Burma's main opposition party, the National League for Democracy (NLD), on Monday decided against registering for this year's planned general election. The decision was a response to the regime's unjust election laws, which were designed to prevent NLD leader Aung San Suu Kyi and other political prisoners from participating in the election or even remaining as members of their respective parties.

Until a few weeks ago, some senior NLD party leaders were believed to be considering participation in the election. However, after Suu Kyi said last week through her lawyer that she was personally opposed to taking part in the vote under the current circumstances, many party leaders apparently changed their minds.

The decision predictably met with a mixed reaction. Many Burmese both inside and outside the country expressed disappointment at the move, while many others, including activists and campaign groups in exile, applauded it.

For the NLD itself, it must have been an incredibly painful choice. The party is no stranger to setbacks—most notably when its landslide victory in the last election in 1990 was ignored by the regime—but this is the first time it has had to face dissolution.

Under the new election laws, any party that does not register for the election will be forced to shut down.

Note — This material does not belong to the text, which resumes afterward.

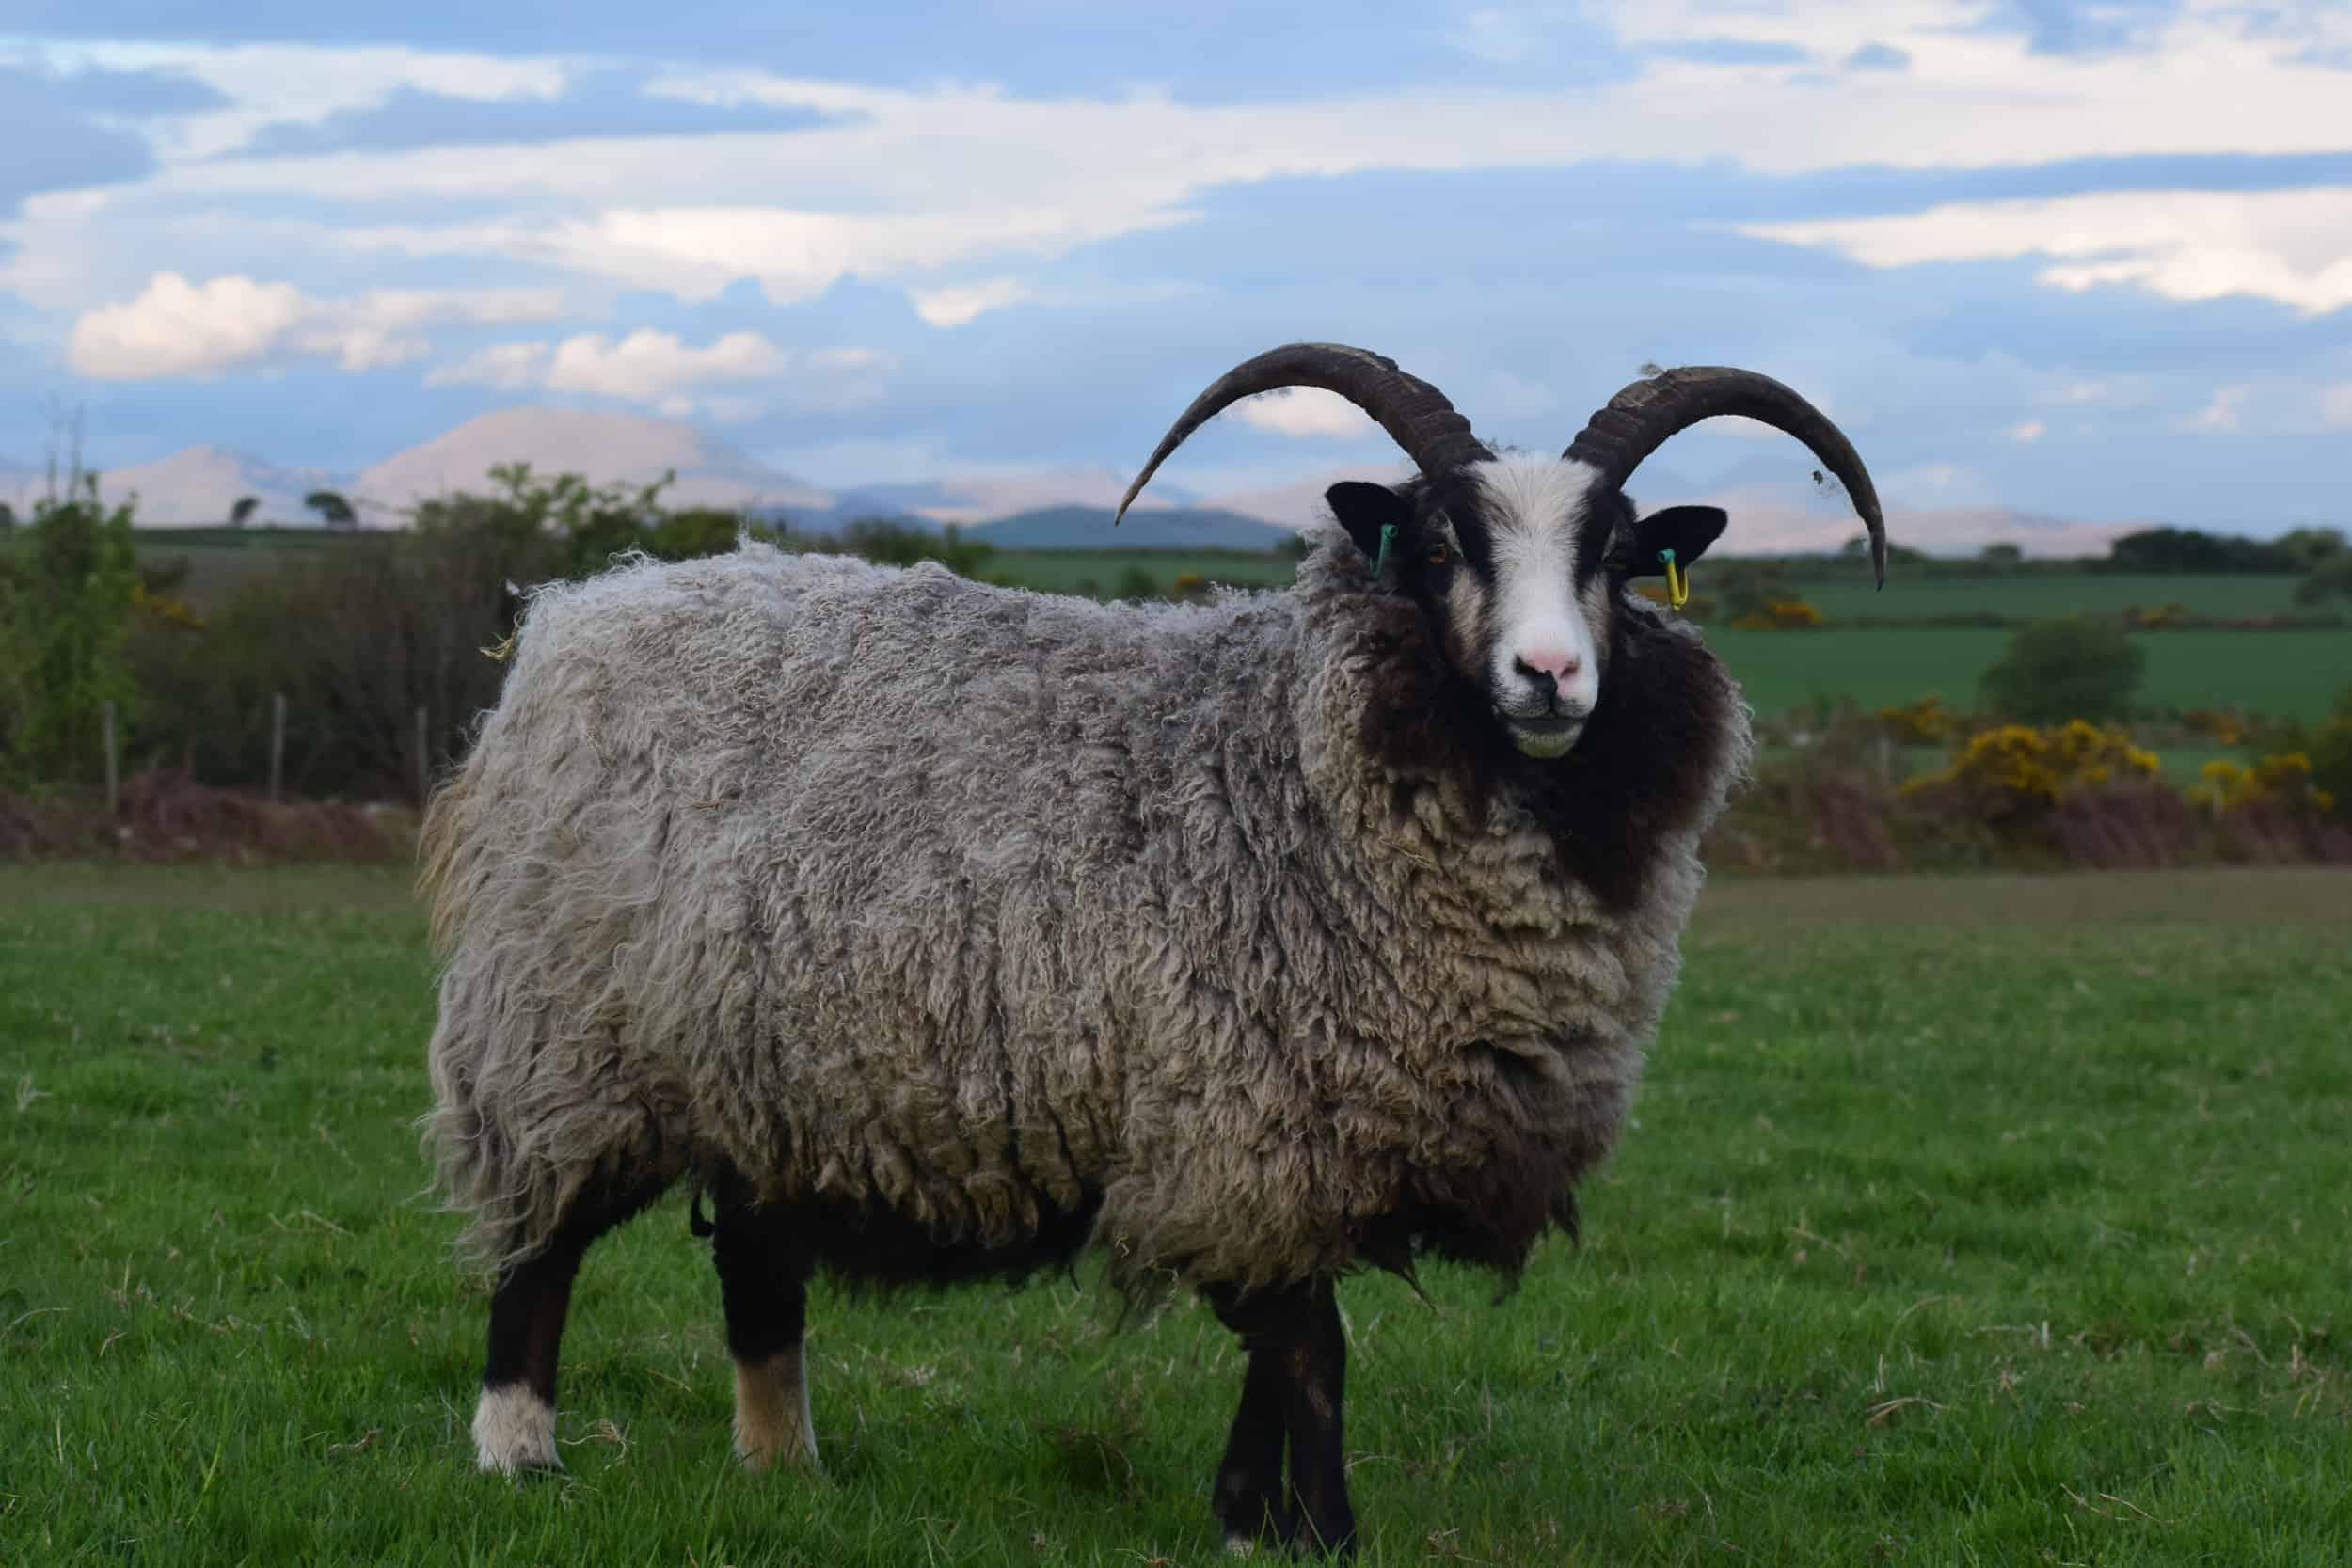 Poppy magnificent horns katmoget badgerface shetland cross jacob sheep lamb cute

After more than two decades as the standard bearer of Burma's democracy movement, it is almost impossible to imagine the future of Burmese politics without the NLD.  

But as so many times in the past, the party felt that it had to put principles before anything else.

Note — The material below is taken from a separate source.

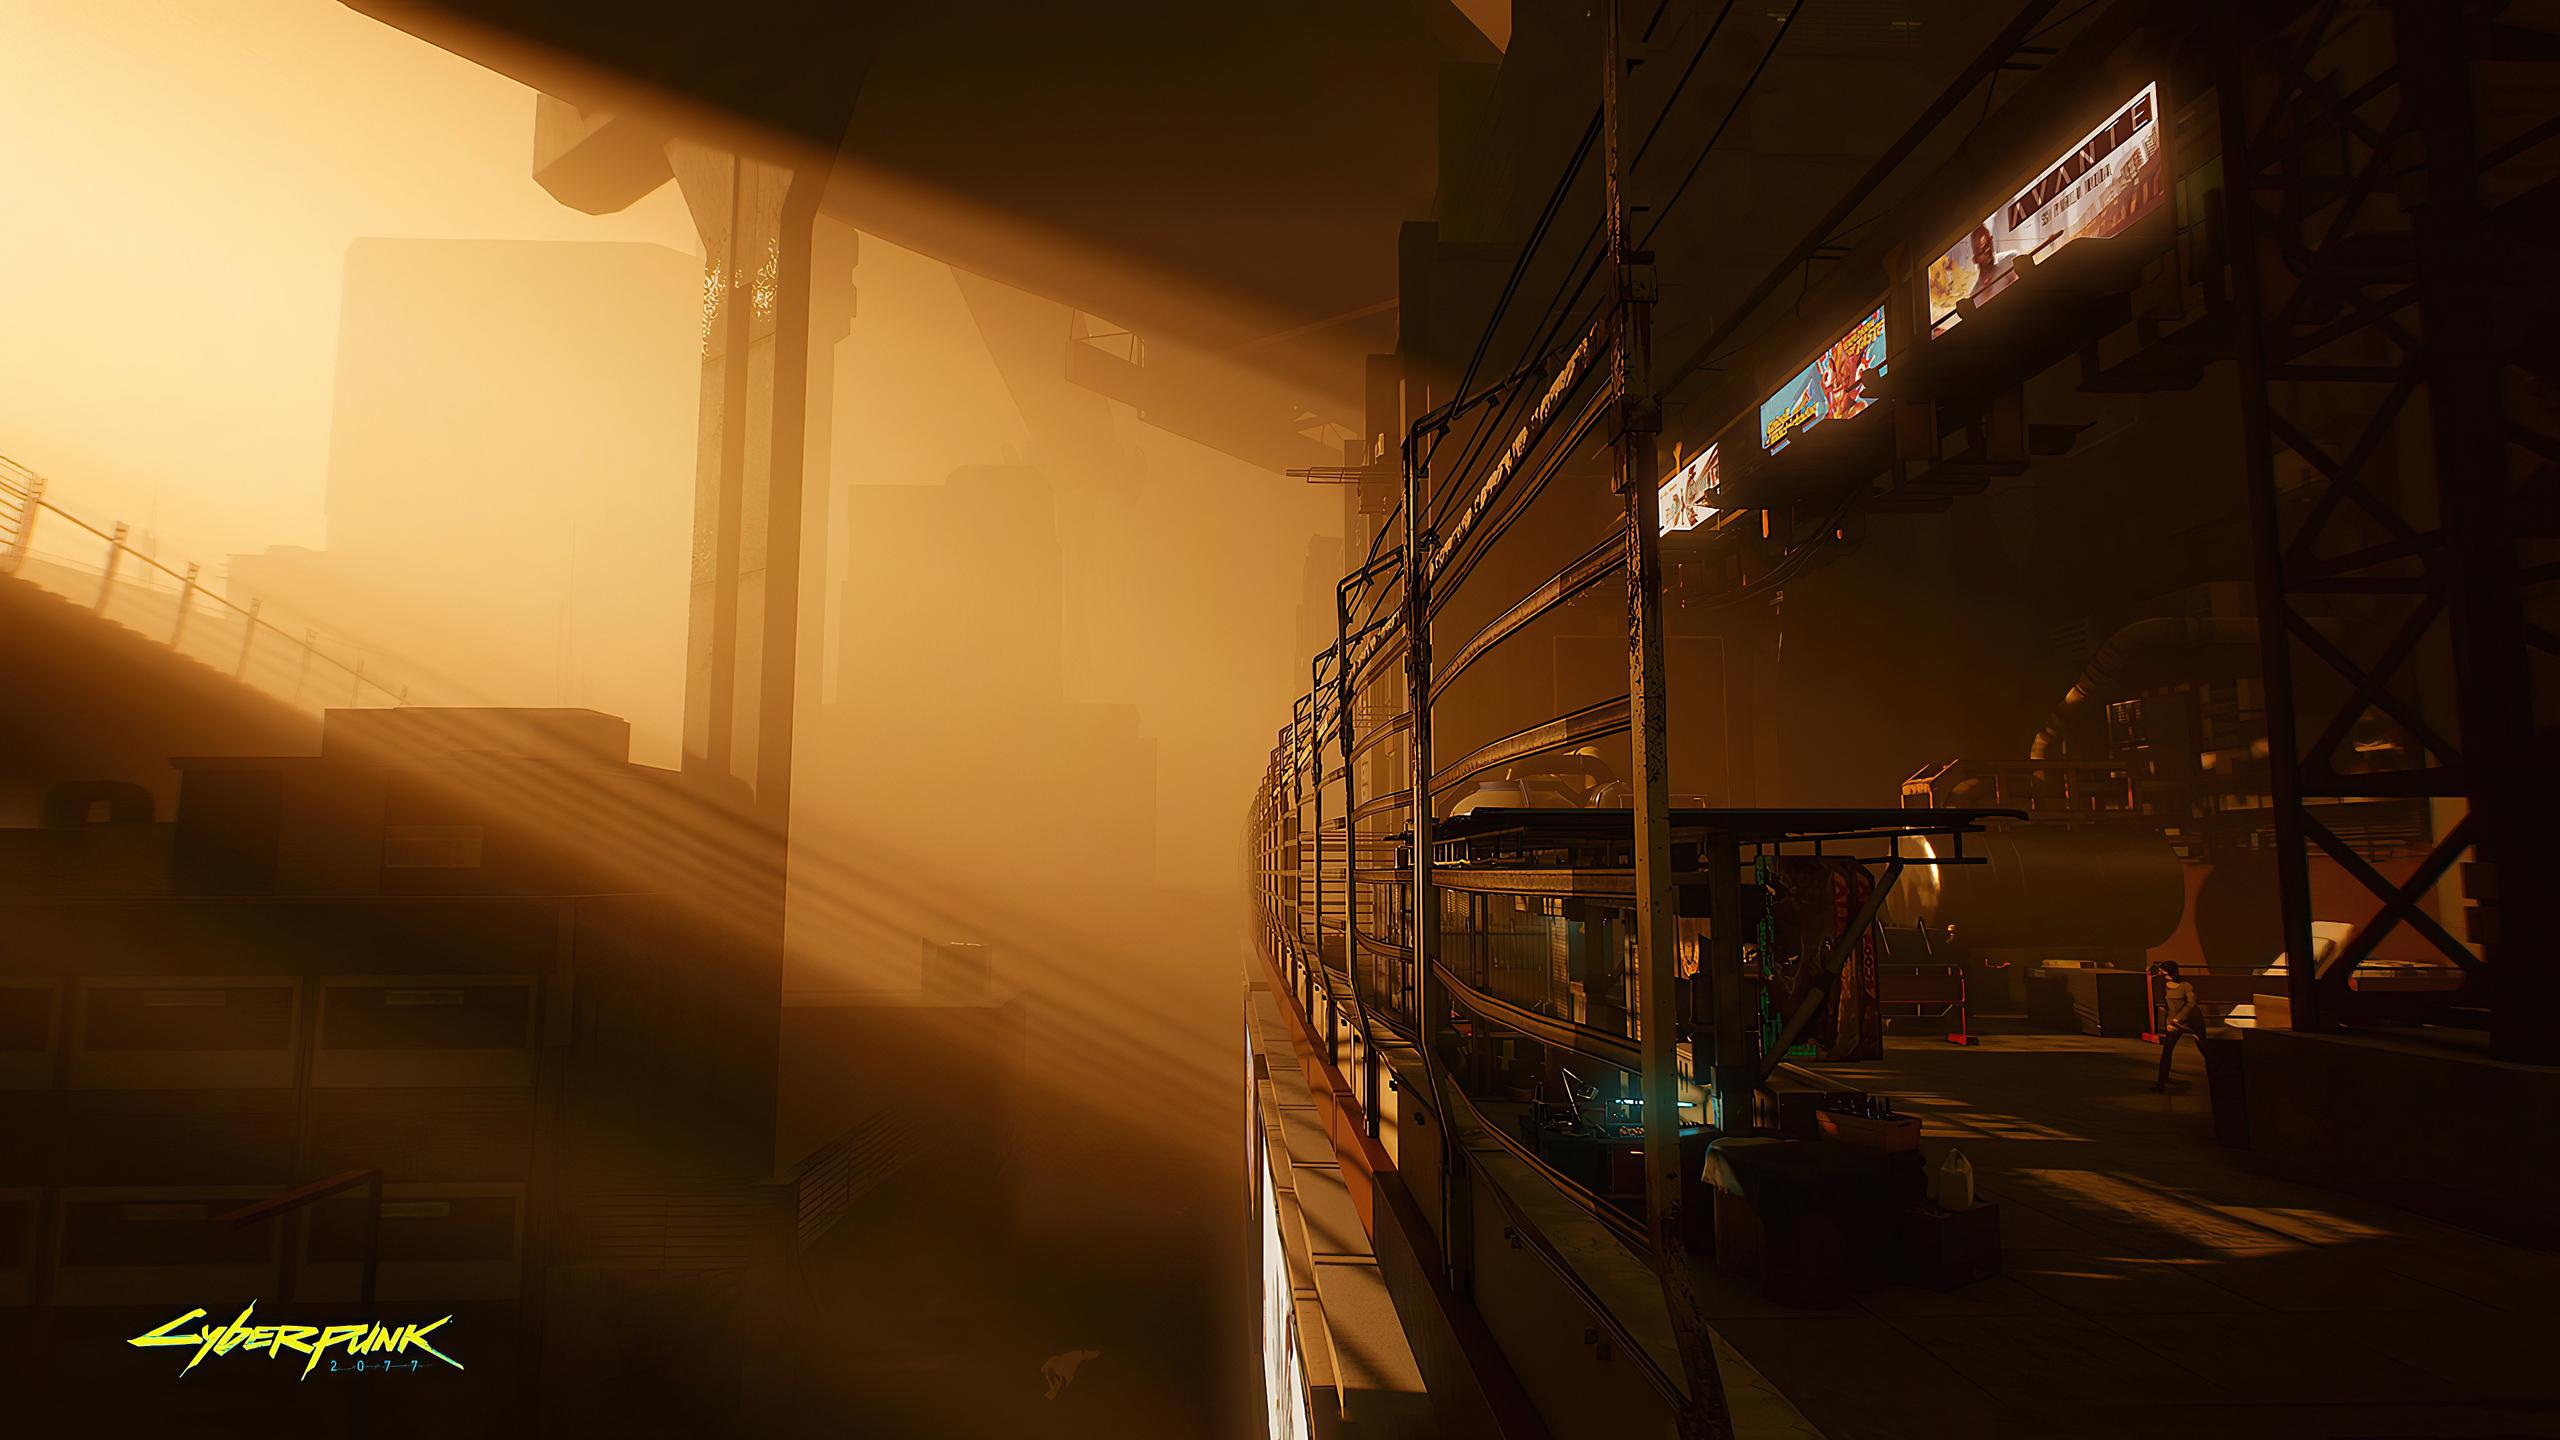 cyberpunk-2077-ray-of-light-zm.jpg

“We cannot expel Aung San Suu Kyi and others who are or have been imprisoned under this corrupt and unfair legal system. Without them, our party would be nothing,” Win Tin, one of the co-founders of the NLD, wrote an editorial published in The Washington Post on Tuesday.

As admirable as this stance may be, however, it is regrettable that the decision, approved by a unanimous vote of the NLD's 113 executive members, will effectively eliminate the party as a legally organized political force. Without the NLD, the party that won 80 percent of the seats in 1990, voters will be left with little choice in the coming military-controlled election.

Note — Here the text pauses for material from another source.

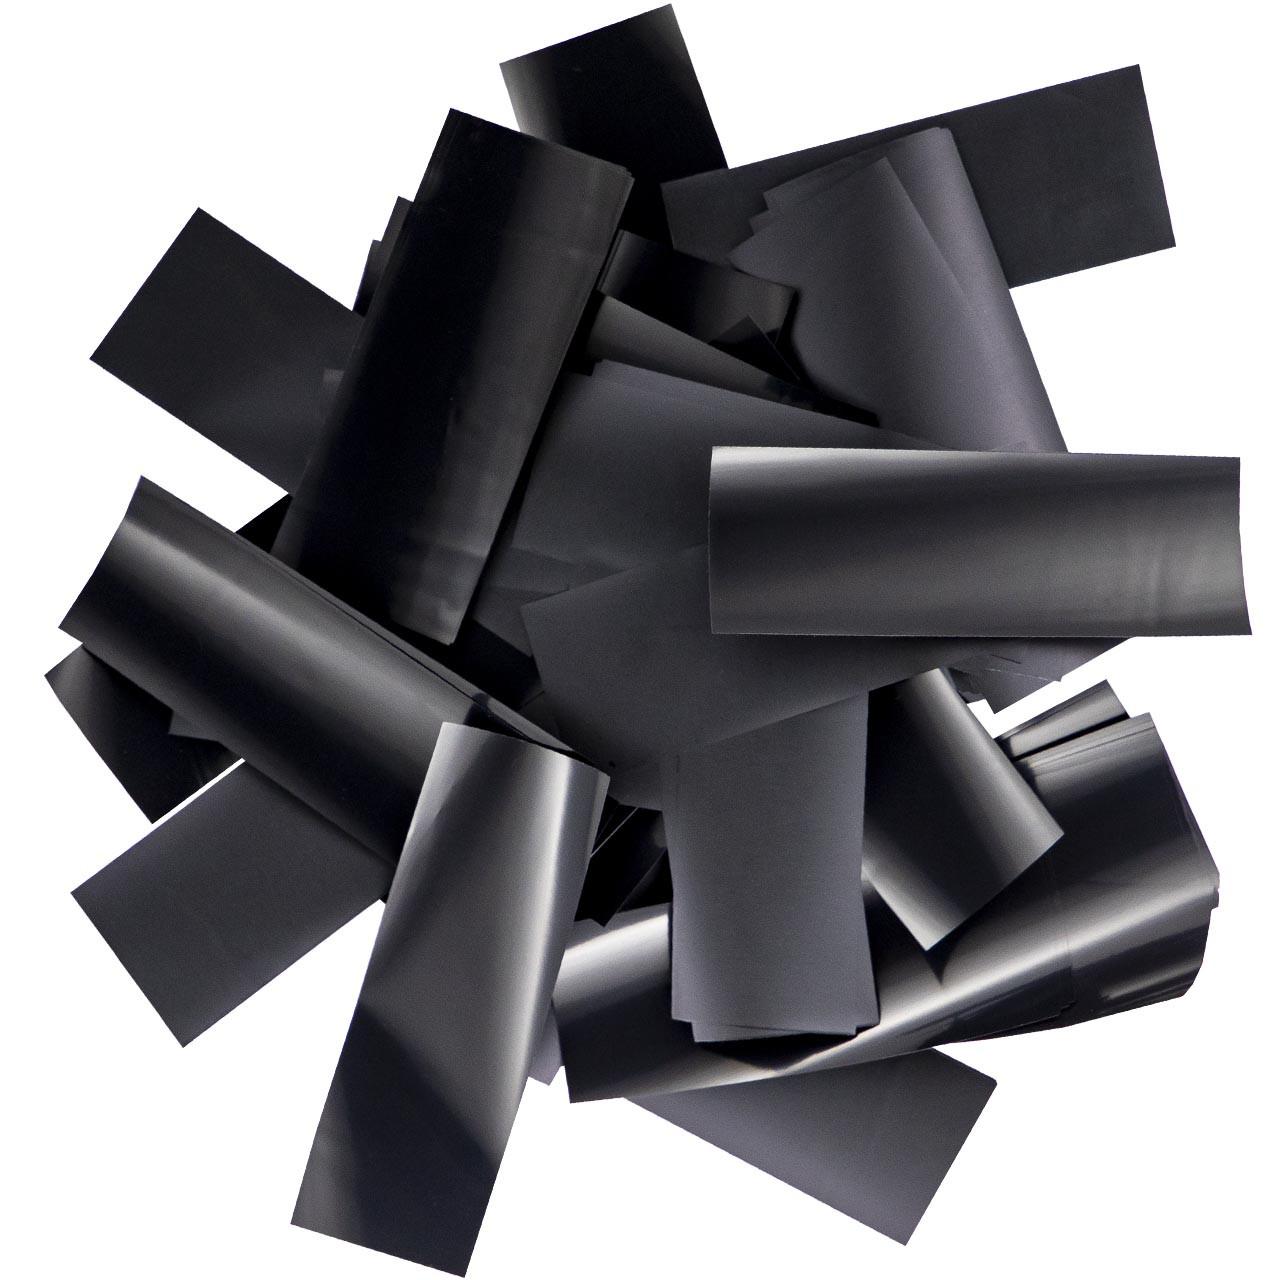 Конфетти-Метафан Черный Премиум 2.5х6 (пленочный) 1кг

What if the NLD had decided to take a different course? We believe that despite the obvious efforts by the regime to create an extremely uneven playing field, the NLD stood a good chance of winning a majority, because for many voters all over the country, it is still the only viable alternative to the status quo.

The generals who are determined to keep Suu Kyi and the NLD out of politics must be happy with the current decision.

What we would like to know now is what the NLD plans to do next. Will it go underground? Can Suu Kyi save the the party from being abolished? What is her next move?

Now that the NLD has decisively abandoned the strategy that has sustained it for the past 22 years—fighting the regime from within a legal framework—it is remains to be seen how it will proceed. For the regime, however, it appears that everything is working out according to plan, at least as far as it efforts to remove the NLD from the picture are concerned.

The only question that remains is whether the NLD's decision will deprive the junta of its other coveted goal—legitimizing military rule. If the international community writes off the election now that NLD has bowed out, the party may have have accomplished something with its decision on Monday. But even if this does turn out to be the case, it may prove to be a pyrrhic victory at best.